La règle d’or pour les acheteurs à l’heure actuelle est la patience, soulignent de nombreux experts.

Barry Lebow, qui a 53 ans d'expérience dans l’industrie immobilière, reconnaît ces jours-ci des signes annonciateurs d’un ralentissement à venir. En ce moment, il conseille à ses clients d’attendre avant d'acheter.

Je ne veux pas me faire oiseau de malheur, mais peut-être, juste peut-être, avec tout ce qui se passe dans ce marché “chaud”, qu'il s’agit d’une bulle qui ne durera pas.

Barry Lebow, expert en immobilier

Serge Lamarche, qui a vu les hauts et les bas du marché en fonction des saisons au territoire, suggère également aux acheteurs potentiels de patienter, d’autant qu’il croit que très prochainement un plafond des prix sera atteint.

N’achetez pas nécessairement à l’été, attendez à l’hiver quand les choses sont plus lentes, quand il y a plus d’inventaire et ne paniquez pas, leur conseille le Yukonnais de longue date. Souvent, les gens se disent qu'ils doivent acheter à tout prix, mais c'est bien de prendre du recul et d'y repenser parce qu’on ne veut pas s’endetter plus qu’il le faut. Les taux ne seront pas toujours ce qu’ils sont.

Maison en vente sur une rue de quartier.

Le nombre de propriétés mises en vente au Yukon par des agents immobiliers oscille entre 50 et 60 depuis quelques semaines.

Photo : Radio-Canada / Steve Silva

Serge Lamarche souligne par ailleurs l’importance dans un tel marché de réajuster ses attentes, par exemple en achetant une maison qui a des réparations à faire. La maison de rêve de ces acheteurs viendra peut-être plus tard dans la vie, dit-il.

Le président de l’association immobilière du Yukon, Marc Perreault, est du même avis.

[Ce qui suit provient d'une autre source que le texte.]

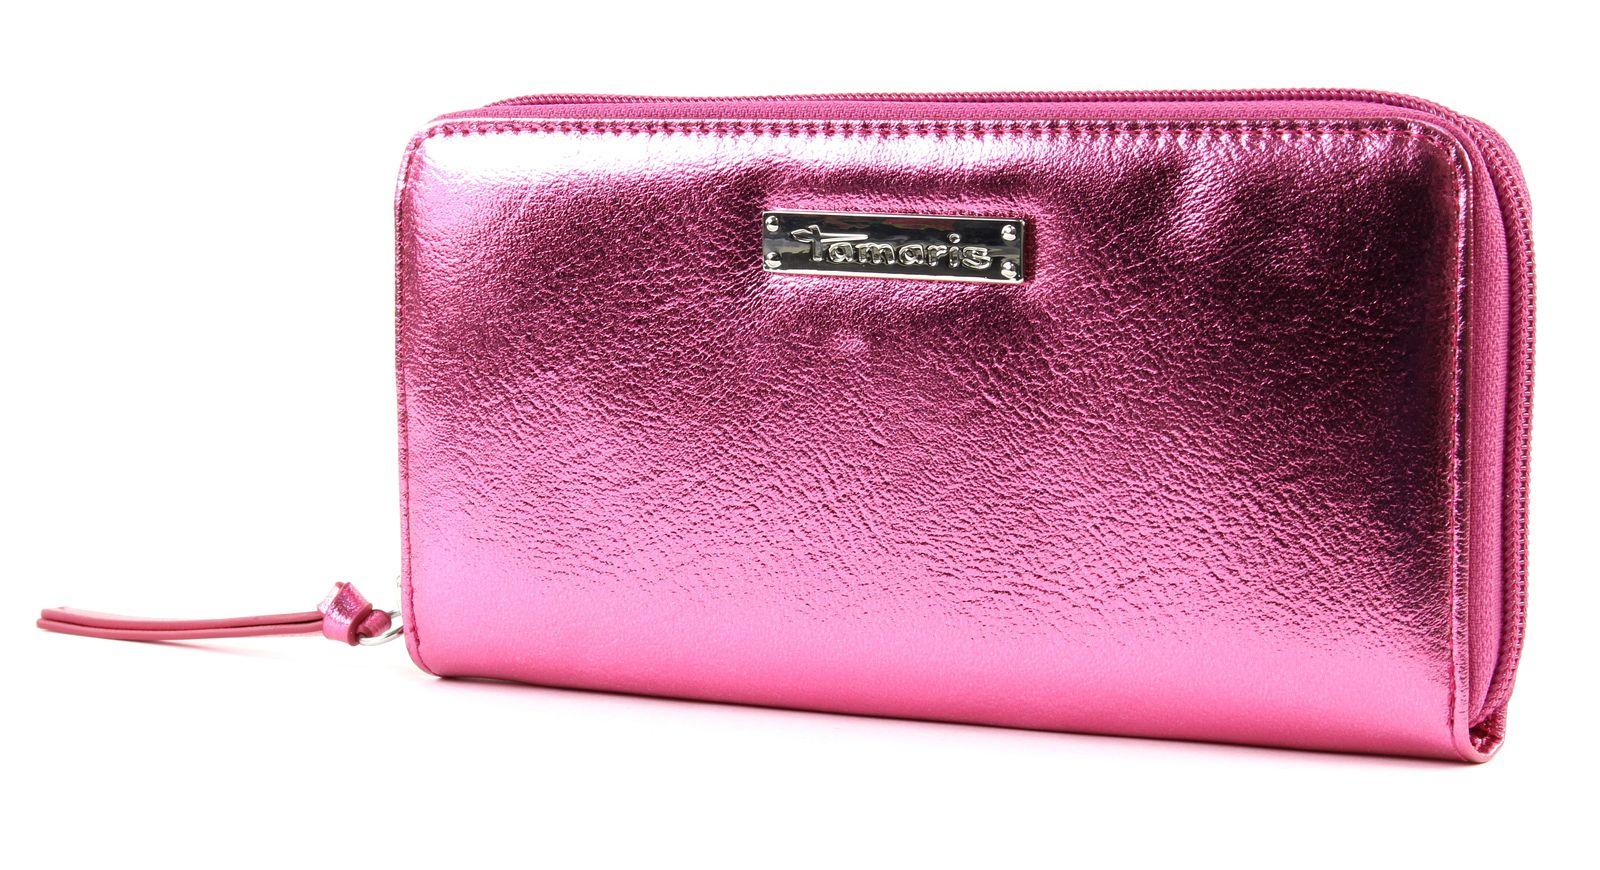 95c38f0dd8cc Tamaris DEBRA Big Zip Around Wallet Pink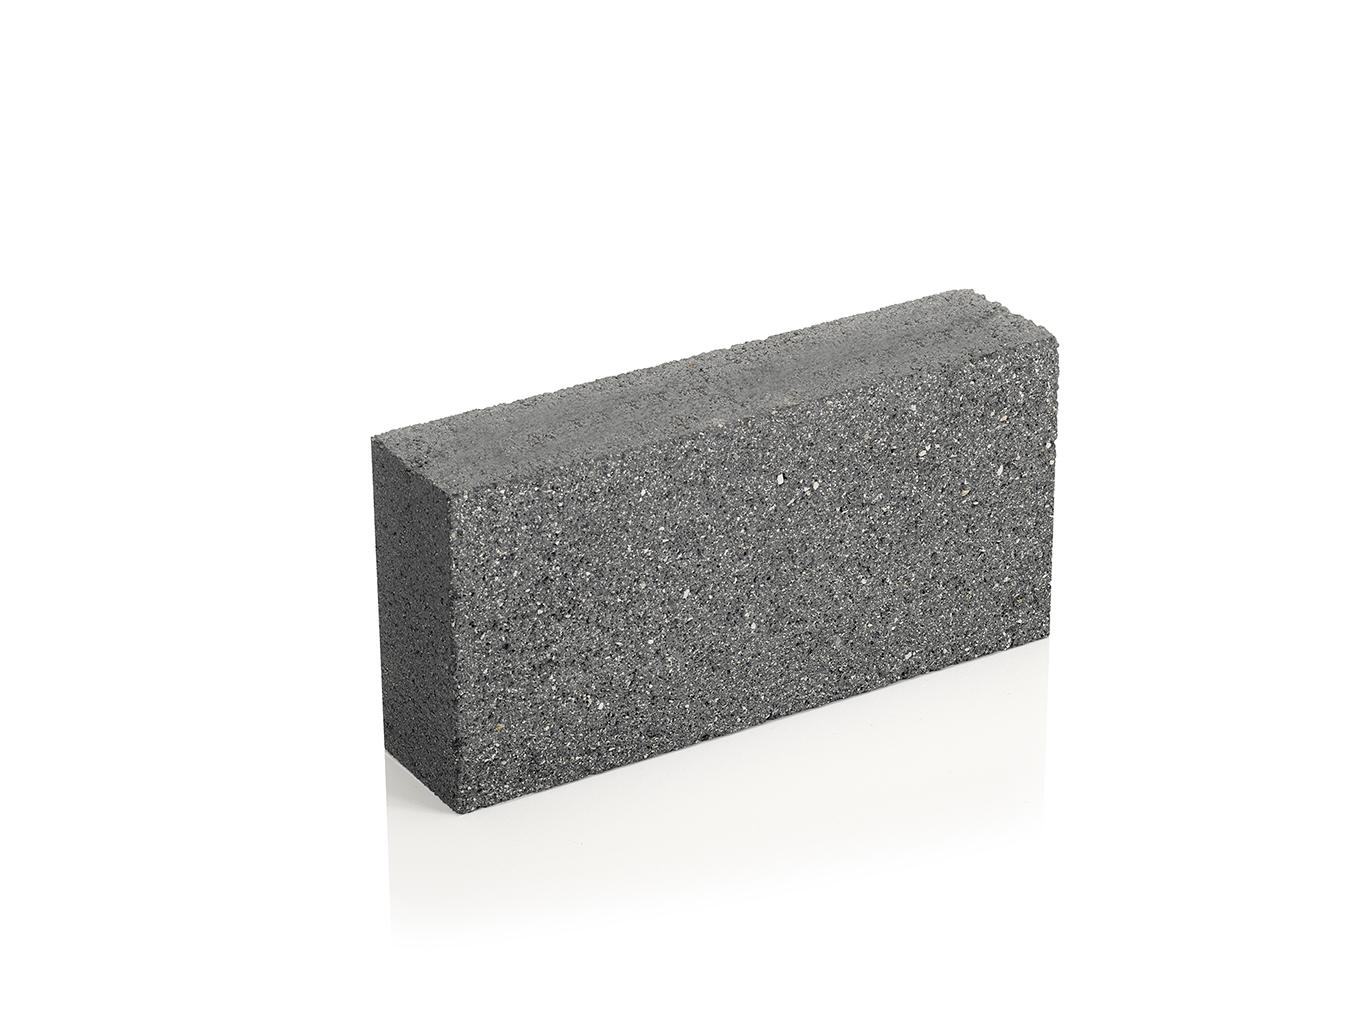 SIZED-Dimond Black 3 Stippled Top.jpg

Ce qui arrive, c’est que le coût d’achat de la maison est influencé par le fait que [les acheteurs] l'aiment beaucoup et ont peur de ne pas avoir cette maison-là, explique-t-il.

Préapprobation et emplacement

Georges Gaucher, gestionnaire d’une agence immobilière de la région de Montréal, est d’avis que la toute première étape demeure celle d’obtenir de sa banque une préapprobation hypothécaire en bonne et due forme.

Selon lui, une préapprobation permet de visiter des maisons et de savoir ce qu'il est possible d'acheter sans rencontrer d'obstacles financiers.

Ça vous donne confiance et ça donne confiance au vendeur.

Georges Gaucher, directeur général de Royal LePage Village

Le spécialiste, rappelle que, comme ailleurs au pays, une solution à envisager est de s’éloigner du centre pour profiter de prix plus abordables.

En ce qui a trait à un ralentissement économique à venir, l’agent n’y voit pas de danger à moins de vouloir acheter pour la revente à court terme.

Normalement, les gens achètent pour se loger. Donc, ils vont être là pour 7 ou 10 ans ou plus. Donc, si vous payez 20 000 $ de plus [à l’achat] et que vous y restez 20 ans, c’est 1000 dollars de plus par année, ce qui n'est pas énorme, conclut-il.